As was pointed out in Re Mills, supra, we recognize that the obligation to disclose is ongoing. Should an issue arise at the hearing which results in some specific aspect of the "report" becoming relevant to a fact in issue, the panel may very well determine that it is relevant and therefore that it should be produced in part. Prior to making this decision, if necessary, the panel should review the report, in accordance with these reasons and decision, to determine what part should be produced".

[5] The question before the Court in this appeal is whether the decision of the Commission is unreasonable. In our opinion it is not.

[6] The duty of disclosure which applies in disciplinary matters is a high one. The Commission recognized this and the standard of disclosure set out in its Reasons is entirely consistent with that set out in Stinchcombe (1991) 3 S.C.R. 327 and also that set out in the dissenting reasons of Mr. Justice Laskin in Howe v. Institute of Chartered Accountants (Ontario) (1994) 19 O.R. (3d) 483 on which counsel for the appellant relies. The Appellant submits that these cases mandate that the investigative report must in all cases be produced. In Howe v.
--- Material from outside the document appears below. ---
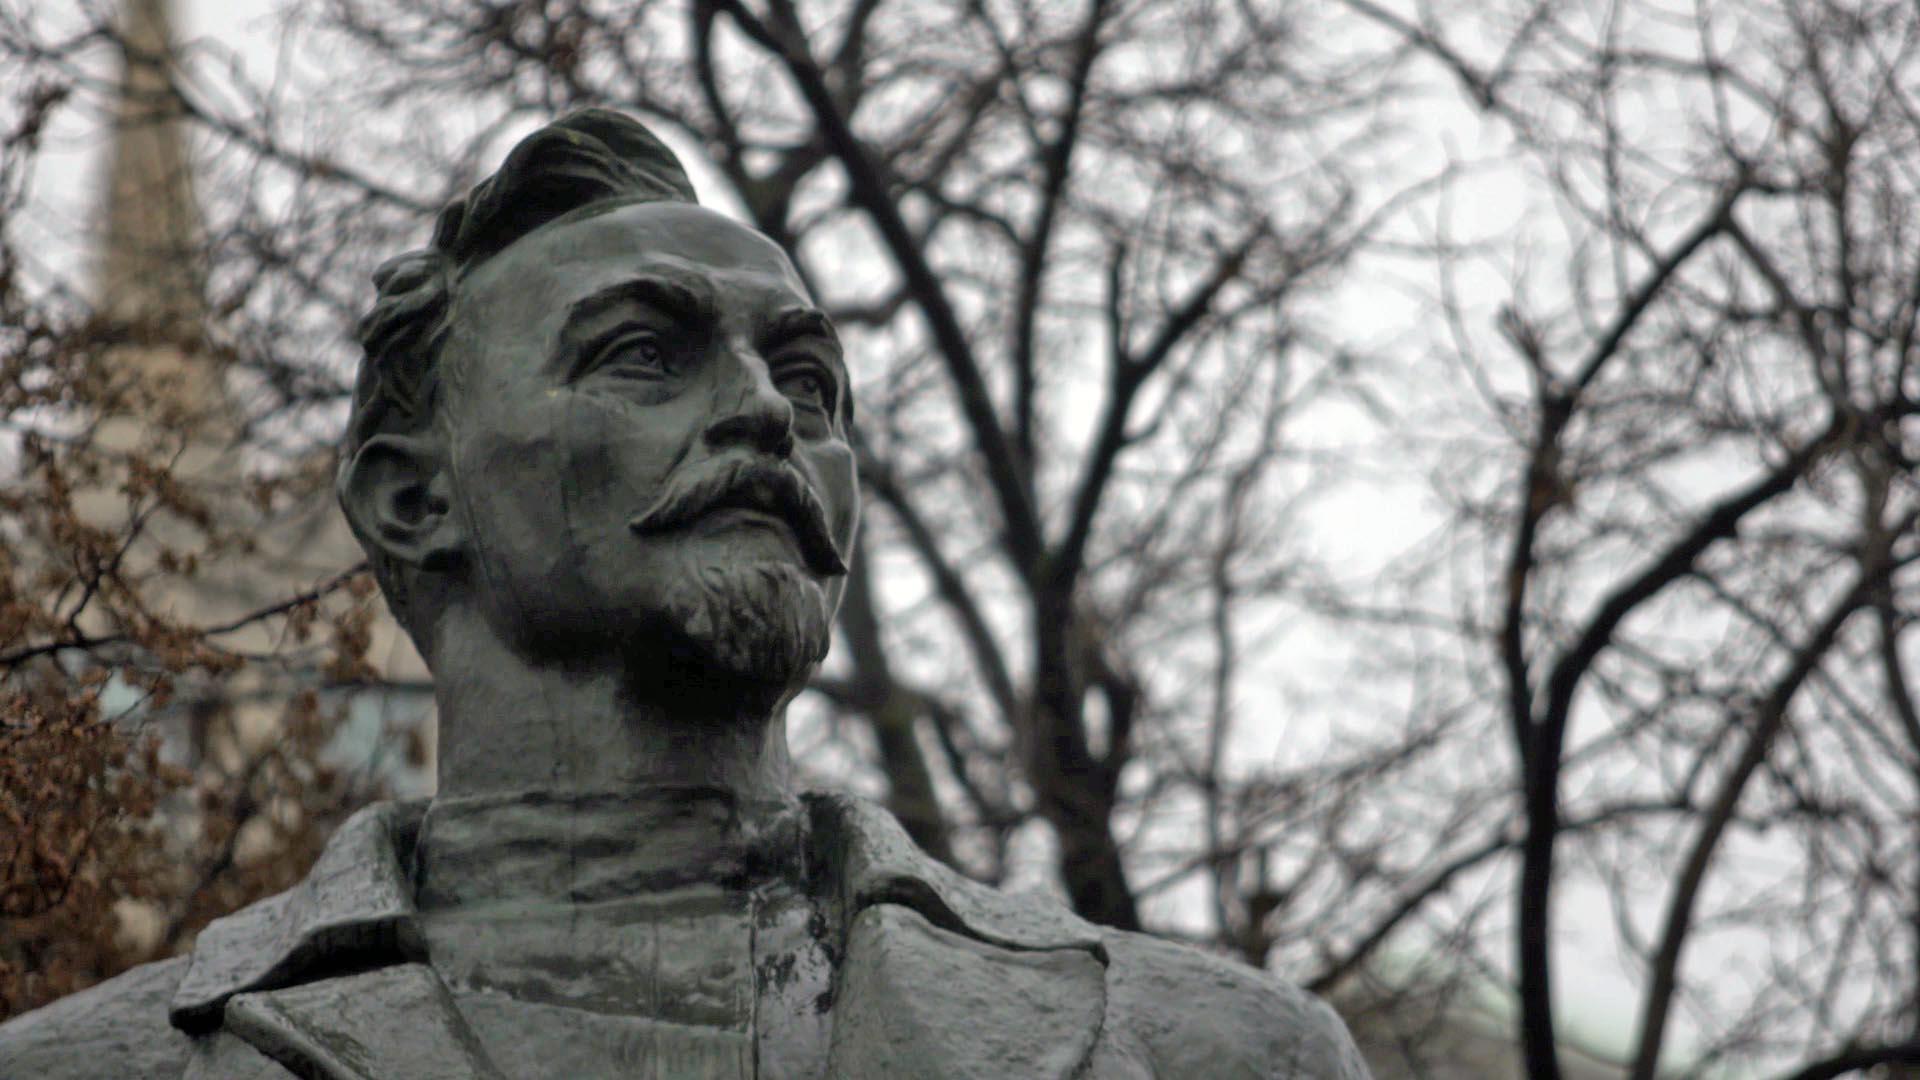 The monument to “Iron Felix” Dzerzhinsky, the founder and patron saint of the Soviet secret police.
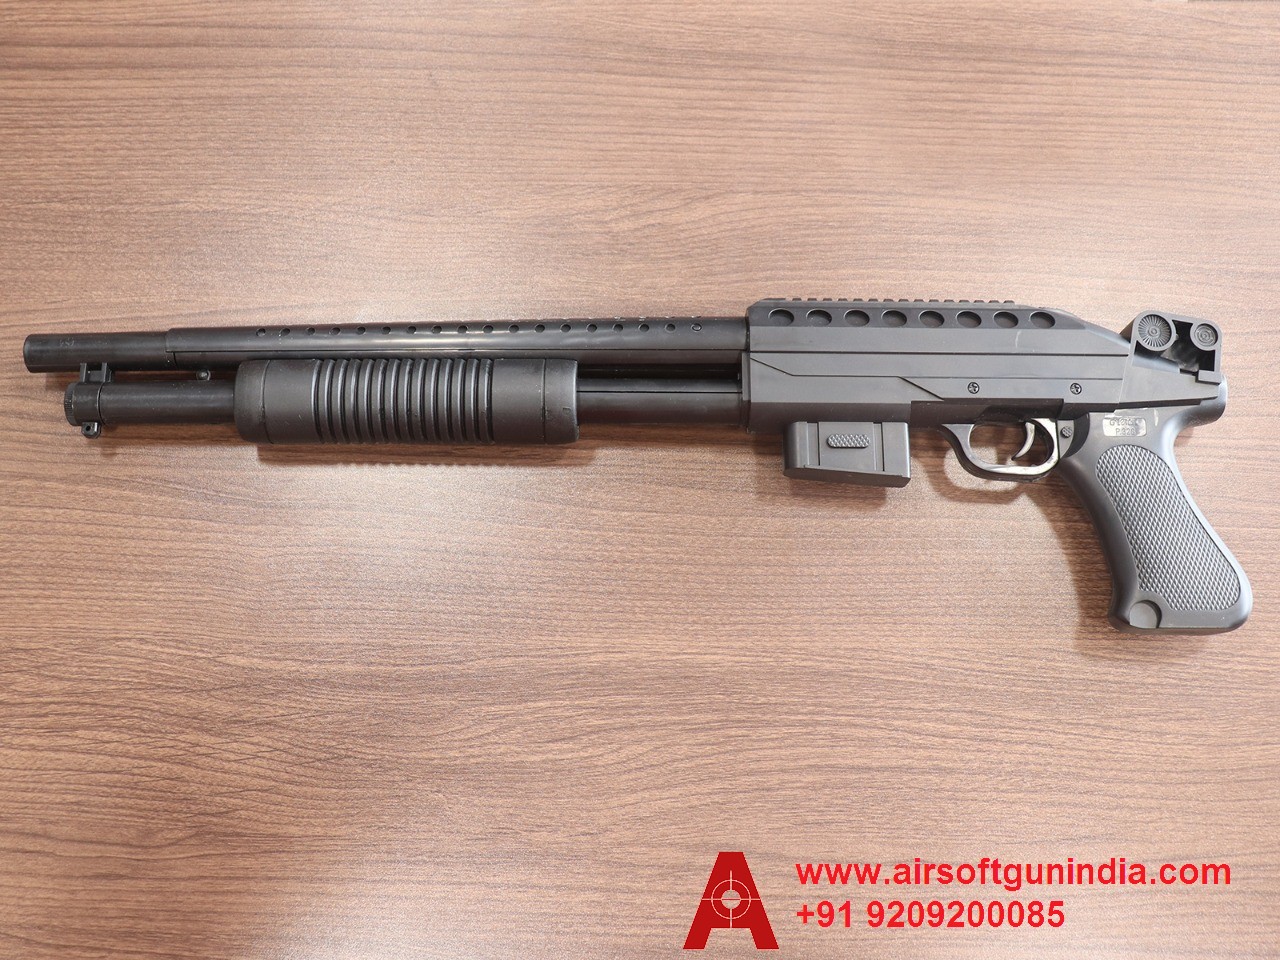 Pump Action Shot-Gun Black Edition Airsoft Toy By Airsoft Gun India

Institute of Chartered Accountants (Ontario), the report in question was that of an accountant who had examined all the books of the accountant charged with professional misconduct, formed opinions as to the propriety of the accused' s conduct and was to be called as an expert witness at the hearing as to his fundings. Clearly in those circumstances, the entire report was required to be produced. Mr .Justice Laskin noted that the issue was so clear that there was no need to even examine the report itself to decide that a mere summary of the report would not suffice. The reasons of Justice Laskin were given in the context of the case before him and did not purport to establish nor does it establish any rule that in all cases all investigative reports must be released.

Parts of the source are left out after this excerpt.